I've attempted a proof by induction on the number of generators. The case n=1 corresponds to a cyclic group, and any subgroup of a cyclic group is cyclic, and so generated by one element. Then for the inductive step, I supposed that G was finitely generated, say G = \mathbb{Z} a_{1} + ... + \mathbb{Z} a_{n}, and that the result holds for groups generated by fewer than n elements. I've then let H \le G, and considered the quotient group G/\mathbb{Z}a_{n}, and then hoped that the correspondence theorem would help me out, but so far I can't seem to make it work.

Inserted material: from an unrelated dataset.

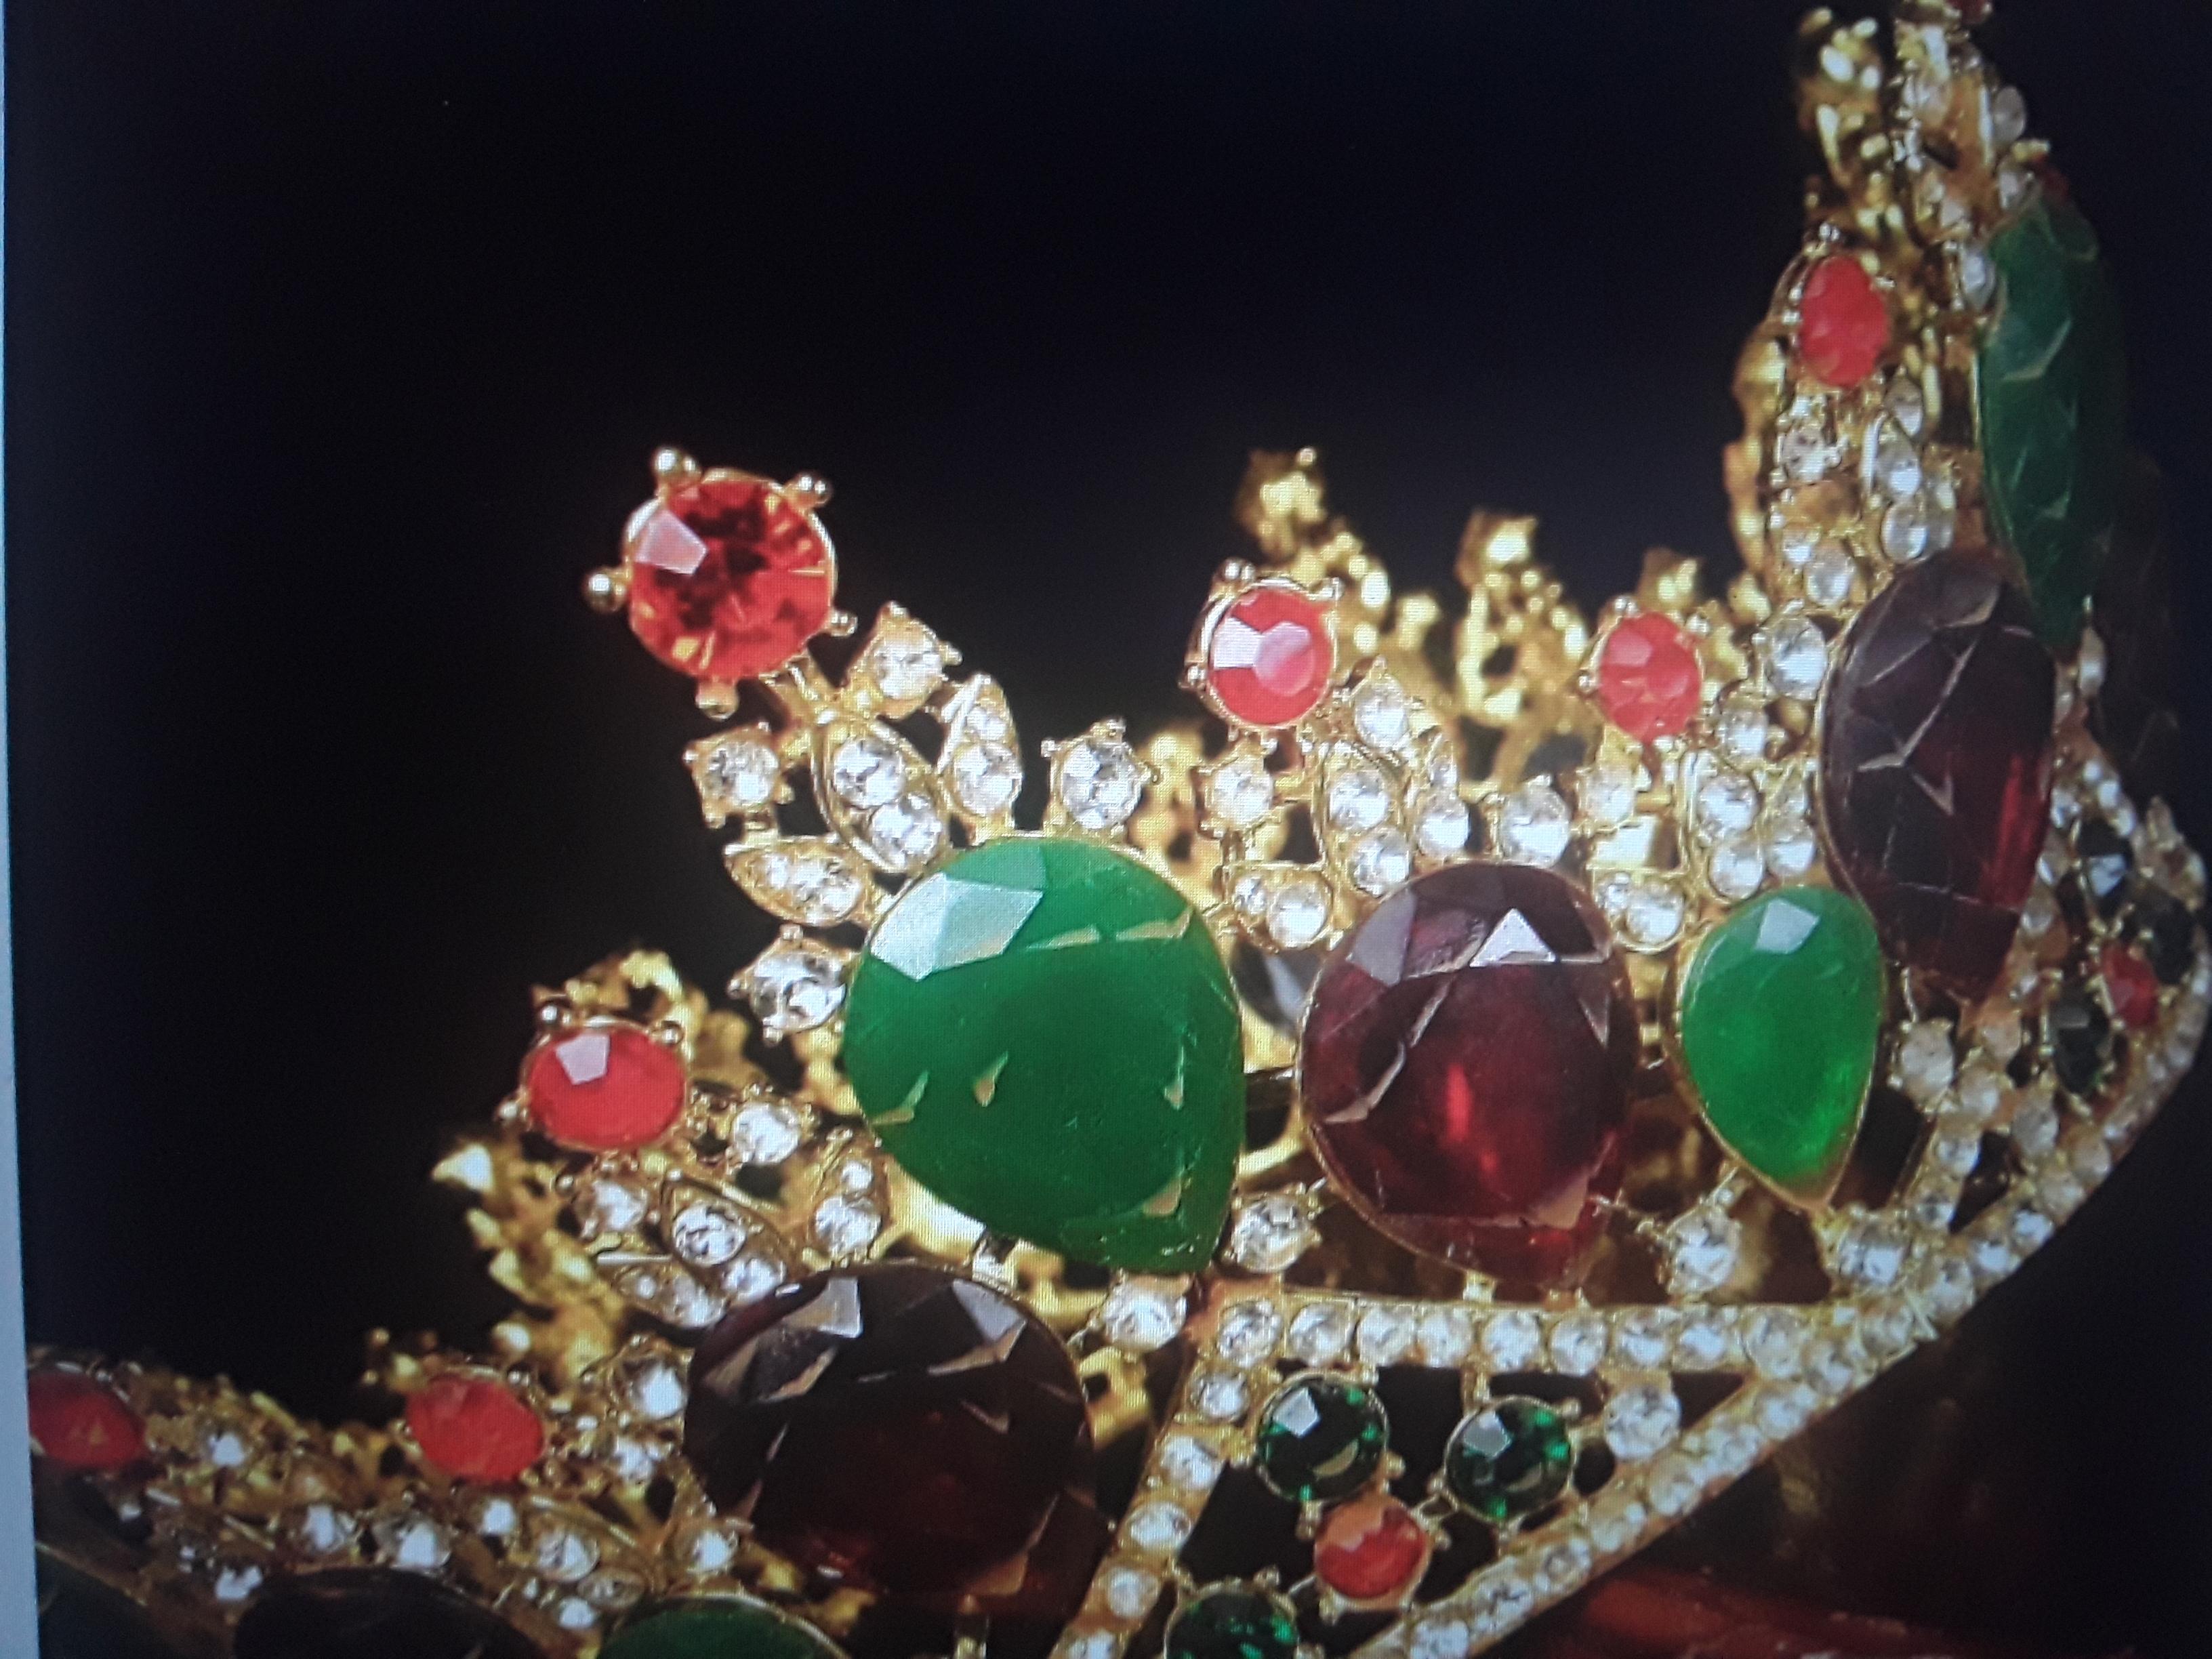 Diadème royal antique en bronze doré et orné de bijoux verts et rouges. Incrustés de Jewell. Histoire britannique. c1900. Pièce très intéressante que je me devais d'avoir.

Am I even attacking this problem correctly?

 

[micromass]

Try to prove the following general result, it might help:

Let H be an abelian group. If there exists a finitely generated subgroup K of H such that H/K is finitely generated, then H is finitely generated.

 

[jumpr]

Try to prove the following general result, it might help:

Let H be an abelian group. If there exists a finitely generated subgroup K of H such that H/K is finitely generated, then H is finitely generated.

Does this work?

Let K \le H be finitely generated where H/K is finitely generated, say K = \mathbb{Z}a_{1} + ... + \mathbb{Z}a_{n} and H/K = \mathbb{Z}(b_{1} + K) + ... + \mathbb{Z}(b_{m} + K) = \mathbb{Z}b_{1} + ... + \mathbb{Z}b_{m} + K, where the b_{i} \in H. Let h \in H, and consider h + K \in H/K. Then h + K = y_{1}b_{1} + ... + y_{m}b_{m} for some y_{i} \in \mathbb{Z}, so y_{1}b_{1} + ... + y_{m}b_{m} - h \in K. But then y_{1}b_{1} + ... + y_{m}b_{m} - h = z_{1}a_{1} + ... + z_{n}a_{n} for some z_{i} \in \mathbb{Z}, and so h = y_{1}b_{1} + ... + y_{m}b_{m} - z_{1}a_{1} - ... - z_{n}a_{n}. Thus, H is finitely generated.

 

[micromass]

Yes, that works!

 

[jumpr]

Sorry, I'm going to have to ask for a hint as to where to go from there. My ideas for proofs tend to break down when I want to assume a_{i} \in H for some a_{i}when G = \mathbb{Z}a_{1} + ... + \mathbb{Z}a_{n}.